Я улыбнулась чуточку усерднее, стараясь сделать так, чтобы улыбка коснулась глаз.

— Просите, но я не могу этого сделать.

— Не можете, что значит вы не можете?

— Я не могу сдать свое оружие гардеробщице, словно это сумочка.

— Как вы посмели принести опасное оружие на свадьбу моего сына?
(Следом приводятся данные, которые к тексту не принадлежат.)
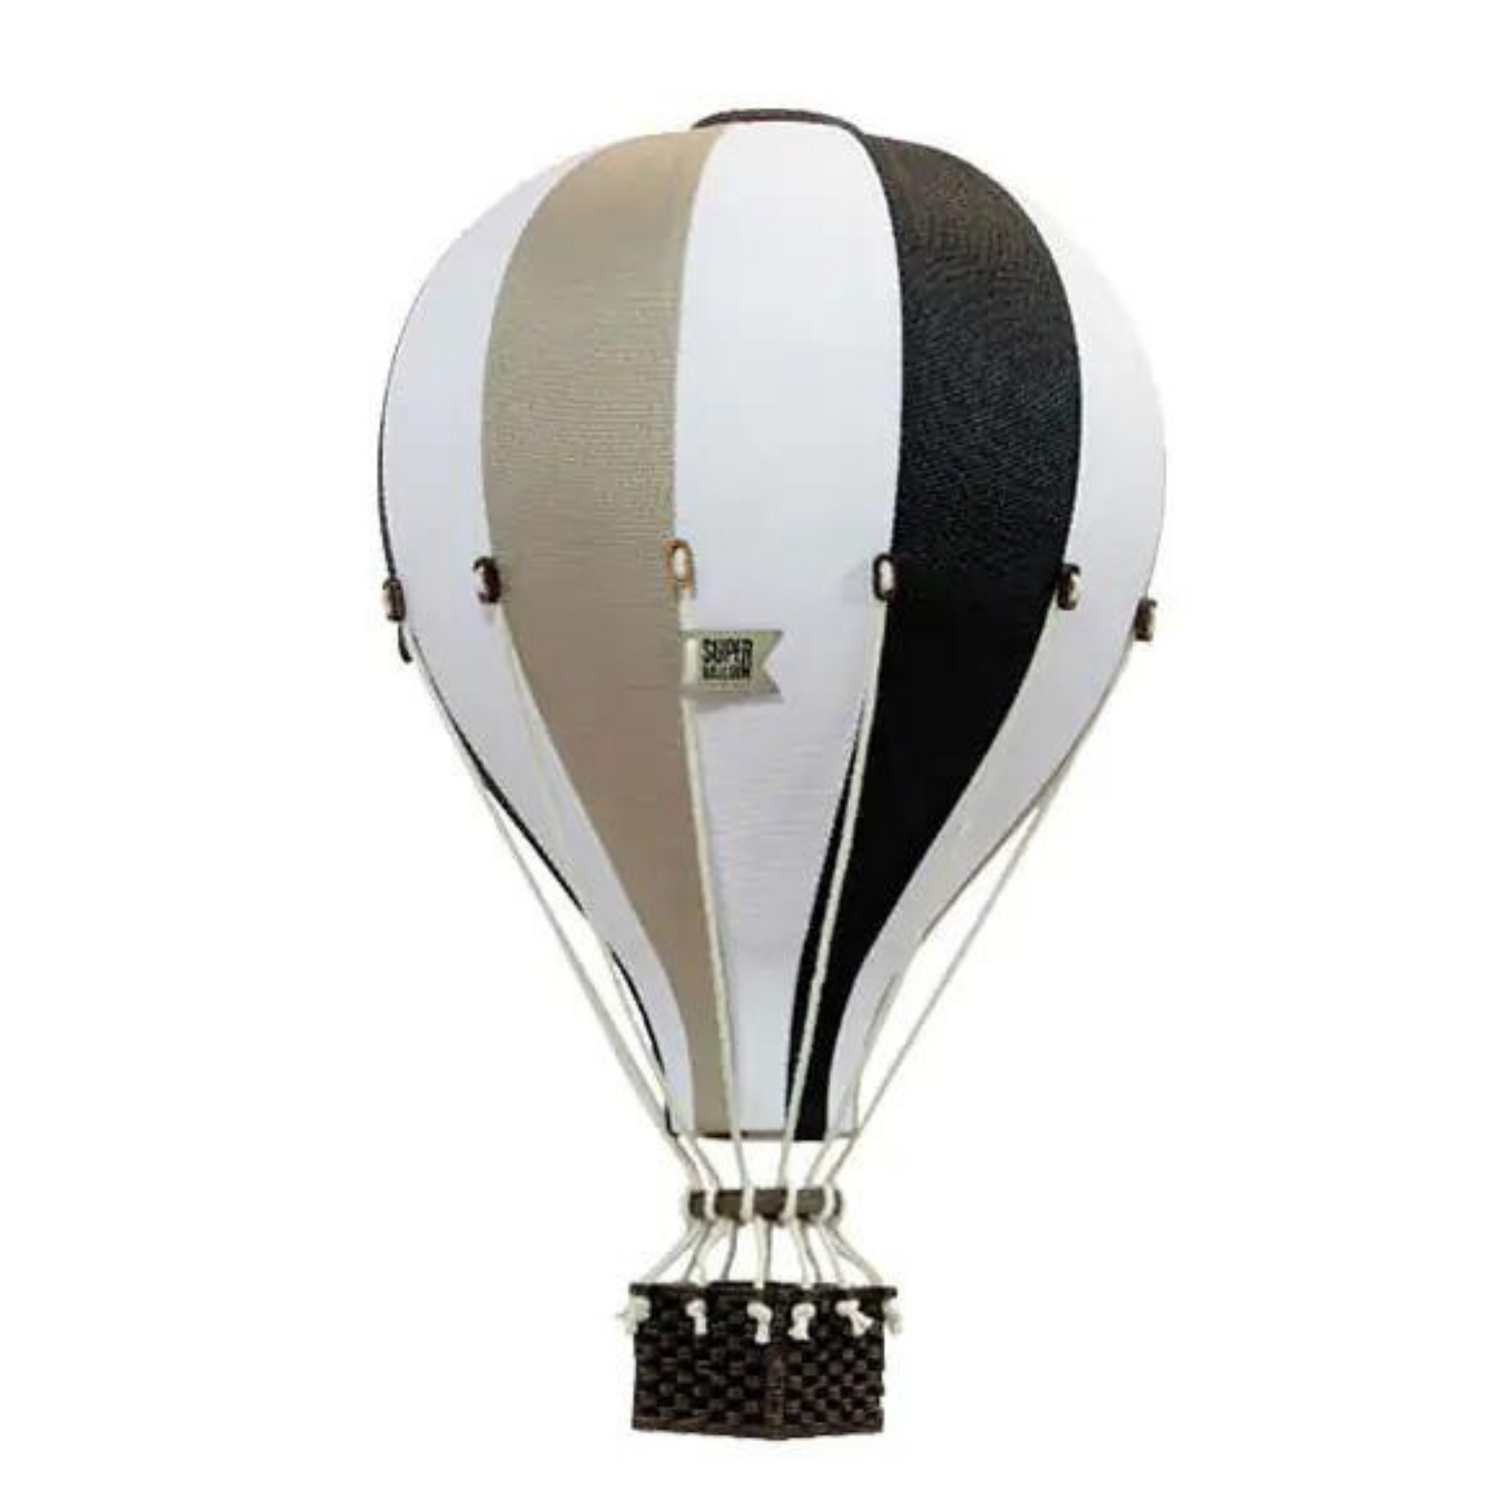 Super Balloon air balloon - Beige| Black | White
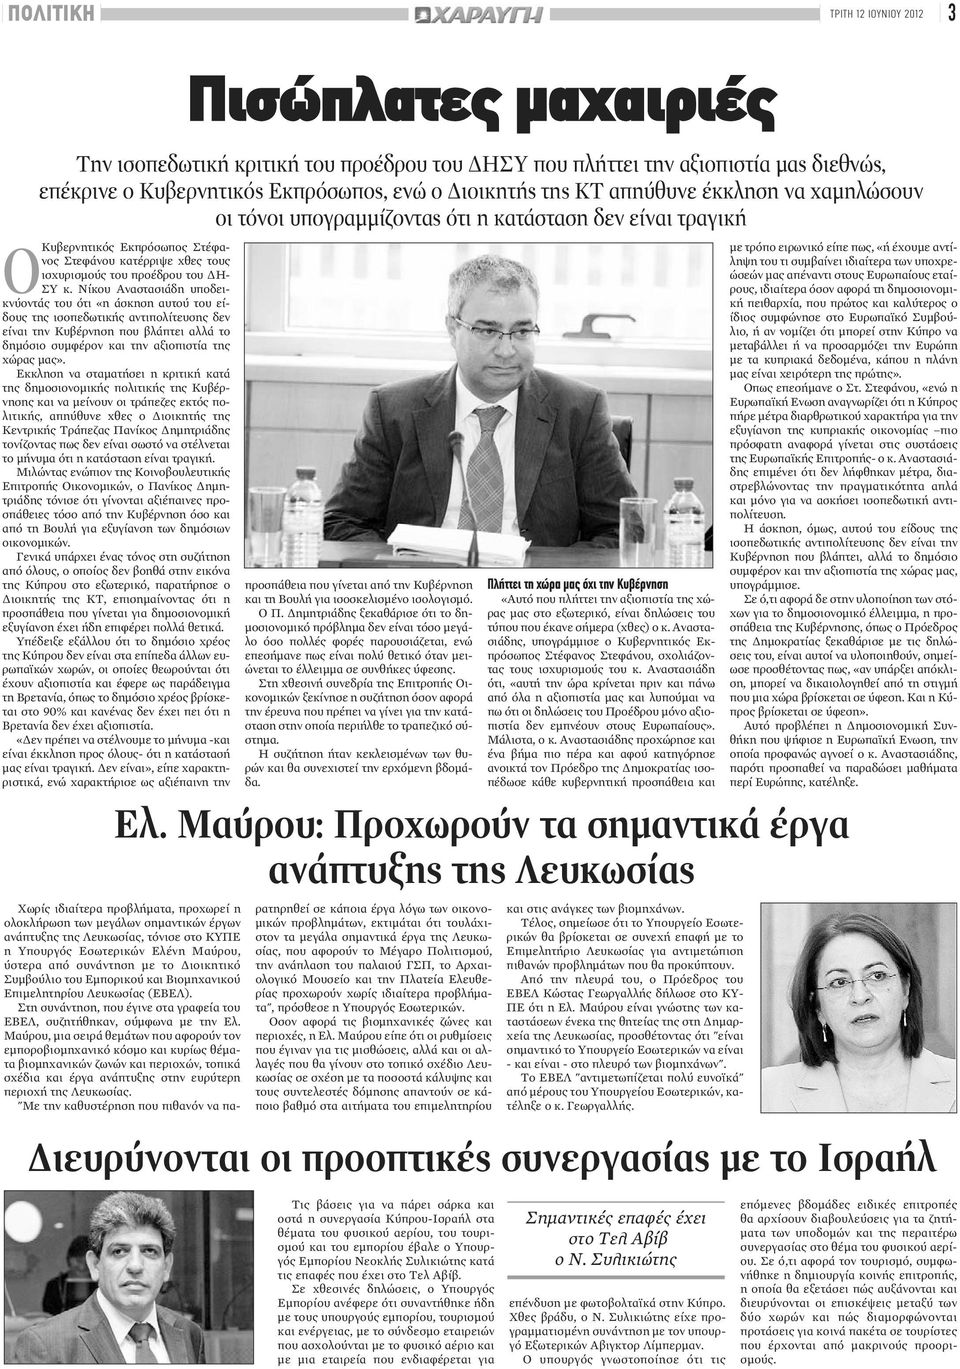 Εκκληση να σταματήσει η κριτική κατά της δημοσιονομικής πολιτικής της Κυβέρνησης και να μείνουν οι τράπεζες εκτός πολιτικής, απηύθυνε χθες ο Διοικητής της Κεντρικής Τράπεζας Πανίκος Δημητριάδης

— Вы же в курсе, что я маршал США? — теперь мне всерьез надо было потрудиться, чтобы сохранить улыбку.

— Не понимаю, что это меняет.

— Во-первых, я умею обращаться с оружием, так что, поверьте, безопаснее, если оно будет у меня, а не в гардеробной.

— Это свадьба моего сына, и я не чувствую себя в безопасности, находясь в одной комнате с оружием, так что попрошу вас сдать его вместе с верхней одеждой.

— Во-вторых, в случае чрезвычайной ситуации по закону я должна быть в состоянии среагировать соответствующим образом, в том числе применением оружия при необходимости.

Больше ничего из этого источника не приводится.